Ormat Technologies, Inc.

May 19, 2021

ORA:NYSE
Investment Type
Mid - Cap
Risk Level
Action
Rec. Price ($)

 

Company Overview: Ormat Technologies, Inc. (NYSE: ORA) is engaged in electricity generation using geothermal energy, solar PV, and recovered energy-based power plants in the US. The company operates in three segments – electricity generation, products sales, and energy storage. Under the Electricity segment (77% of FY20 revenues), ORA operates power plants with an aggregate capacity of 932 MW, with geothermal comprising ~94%.  In the Product segment (21% of revenue), ORA provides Engineering, Procurement and Construction (EPC) of power plants with sizeable revenues generated from outside the US. In Energy Storage (2% of revenue), ORA provides both products and related services, including Operations and Maintenance (O&M) of energy storage assets. This segment predominantly caters to the US market. Overall, Ormat Technologies generated ~63% of revenues from the US and 37% from Rest of the World.

ORA Details

Vertically Integrated Operations: ORA is a renewable energy player with vertically integrated lines of business.

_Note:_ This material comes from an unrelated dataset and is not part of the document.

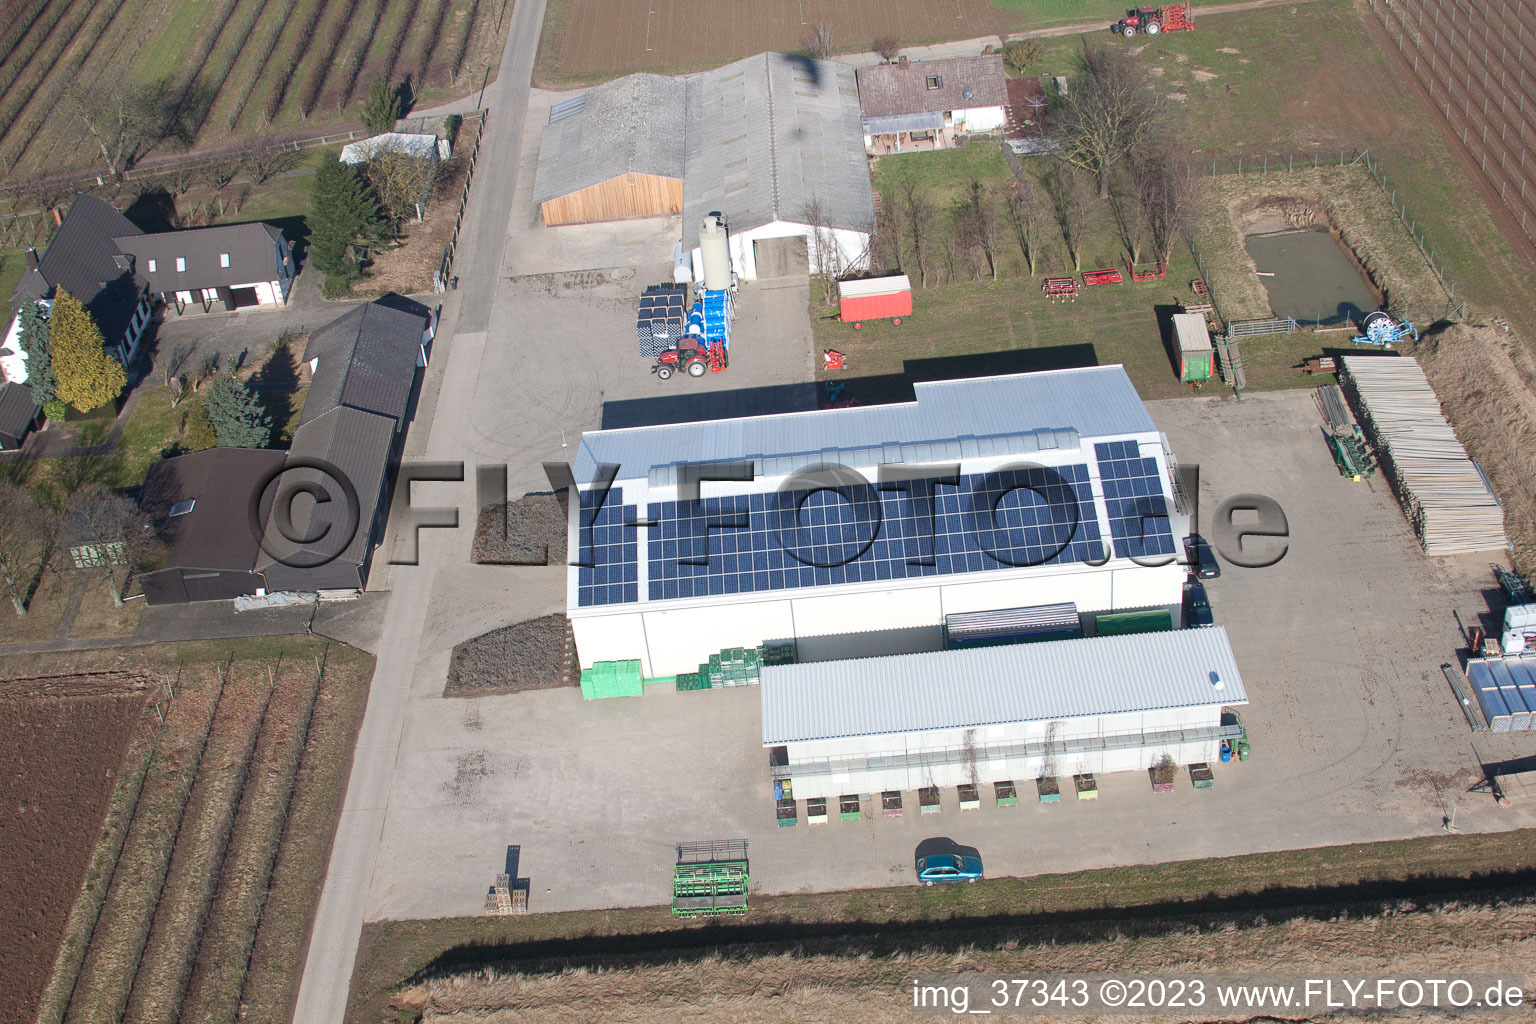 Aerial photograpy of Farmer's garden in Winden in the state Rhineland-Palatinate, Germany

The company has over 1,000 MW of energy portfolio in geothermal, storage, solar PV and recovered energy generation (REG) plants. Its Electricity segment operated through long-term Power Purchase Agreements (PPAs) with customers in utilities and municipal governments. The PPA has a remaining weighted average life of over 16 years as of December 2020. Globally, the installed capacity of geothermal power plants stood at 13.5 GW. Ormat claims to be the second-largest geothermal owner and operator, as mentioned in the Investor Presentation for FY20.

 Figure 1. Well-Integrated Lines of Business:

Source: Company Reports

ORA manufacture components for its own power plants under the Product segment. Over the past several years, the company builds ~190 power plants and installs about 3,200 MW of geothermal and REG power plants. In the Energy Storage segment, ORA has installed a capacity of 83 MW with operations in California, Texas, Vermont, New Jersey. The company plans to expand to New York and PJM markets going forward. It had released 27 MW for construction in the New Jersey market, which is expected to hit commercial operation in H1 FY22.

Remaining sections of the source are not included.